灯光落在白皙的脸庞上,额头光洁饱满,发际线处还有细小的绒毛,更显得皮肤细腻。
倒真是有一道已经淡化的勒痕,看着就觉得疼。
“也不是很深。”
骆应雯垂眸,就见到入鬓长眉下黑溜溜眼珠视线抬高对上自己,那双眼惯常练习,顾盼间比普通人有神,被他这么看着,莫名地就觉得脸热。
正想说什么,那人像是抱怨又像是撒娇般说:“你怎么不帮我揉揉?”
骆应雯这才反应过来,又手足无措:“……怎么揉?”
“这还要教?你自己来。”
小心翼翼捧起阮仲嘉的脸,然后拇指对准勒痕轻轻按压打圈,骆应雯揉得很认真,刻意避开了自下而上投来的视线。
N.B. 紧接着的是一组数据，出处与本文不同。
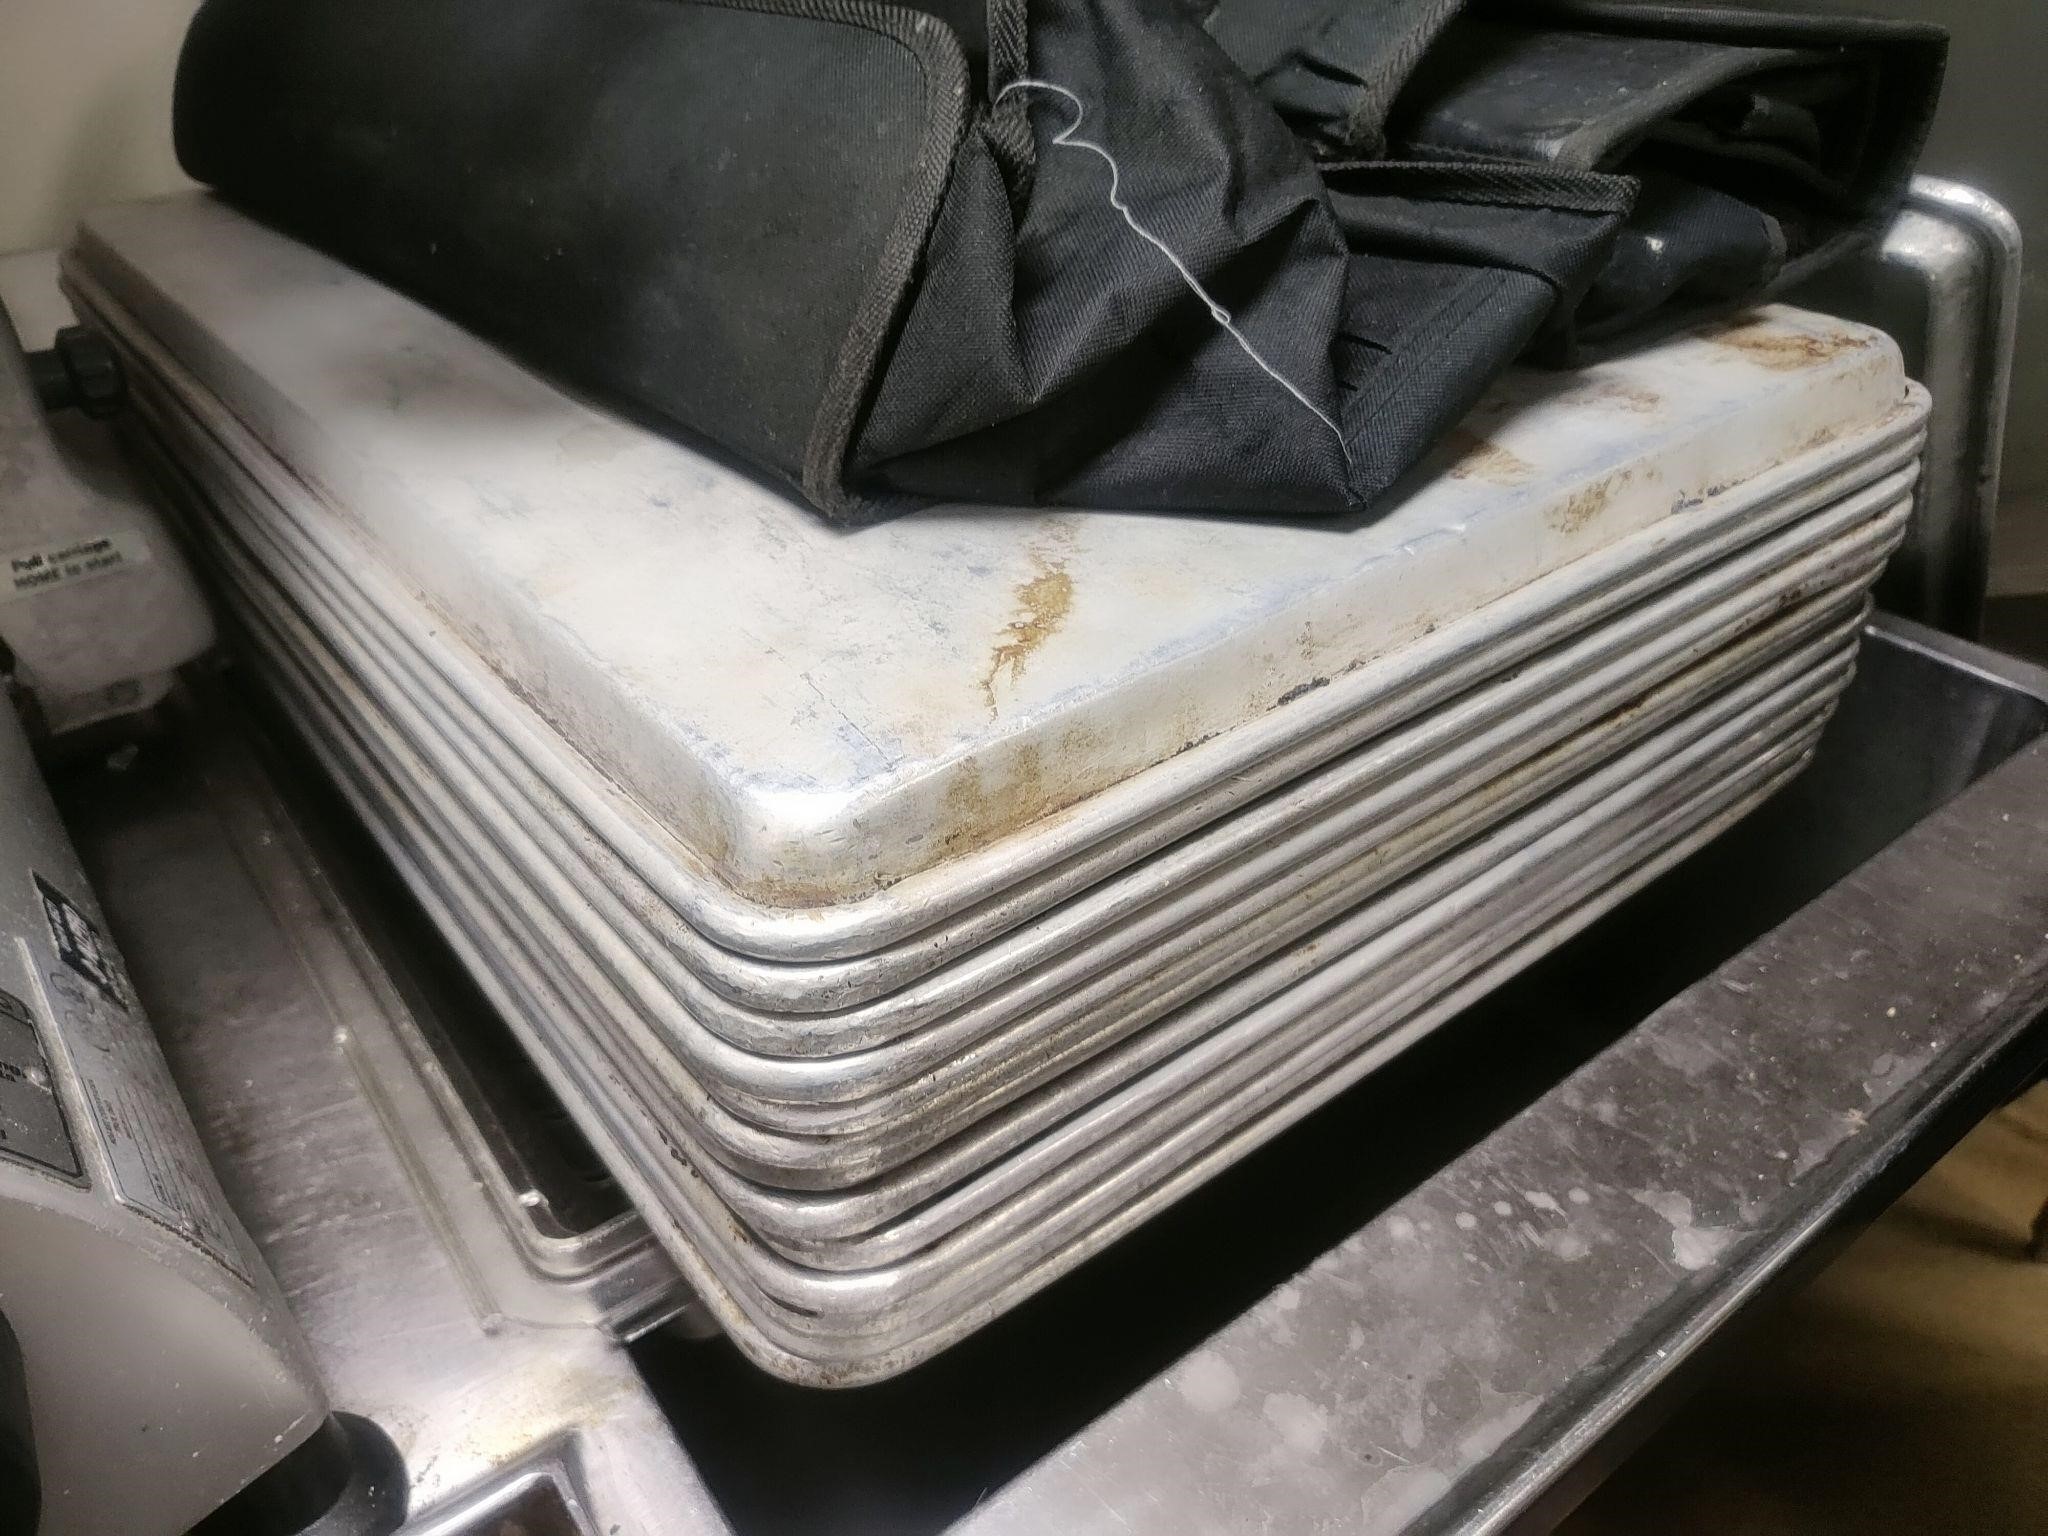 Full size sheet pans
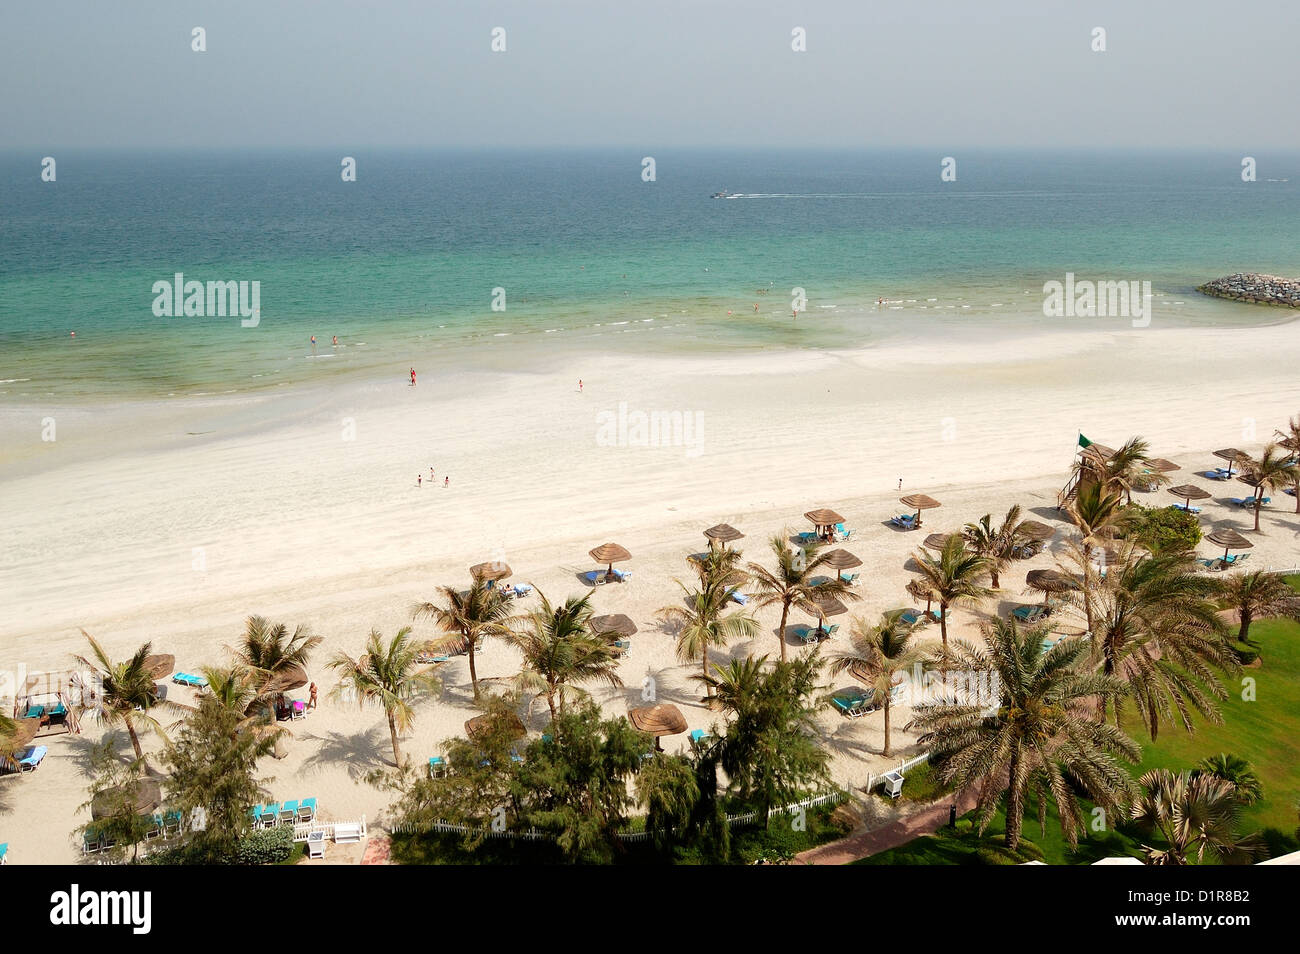 Plage et l'eau turquoise de l'hôtel de luxe, Ajman, Émirats arabes unis Banque D'Images

实在受不了,他只好开口:“你不要这样看着我……我常年健身,劲挺大的。”
“听不懂,什么劲挺大的?”阮仲嘉只是笑。
“我觉得你按得很好啊,要不你帮我按按背吧?今天累死了。”
说是按背,阮仲嘉却没有如预期般转过身,而是将骆应雯两手从自己脸上取下来摇了摇,然后牵着人走。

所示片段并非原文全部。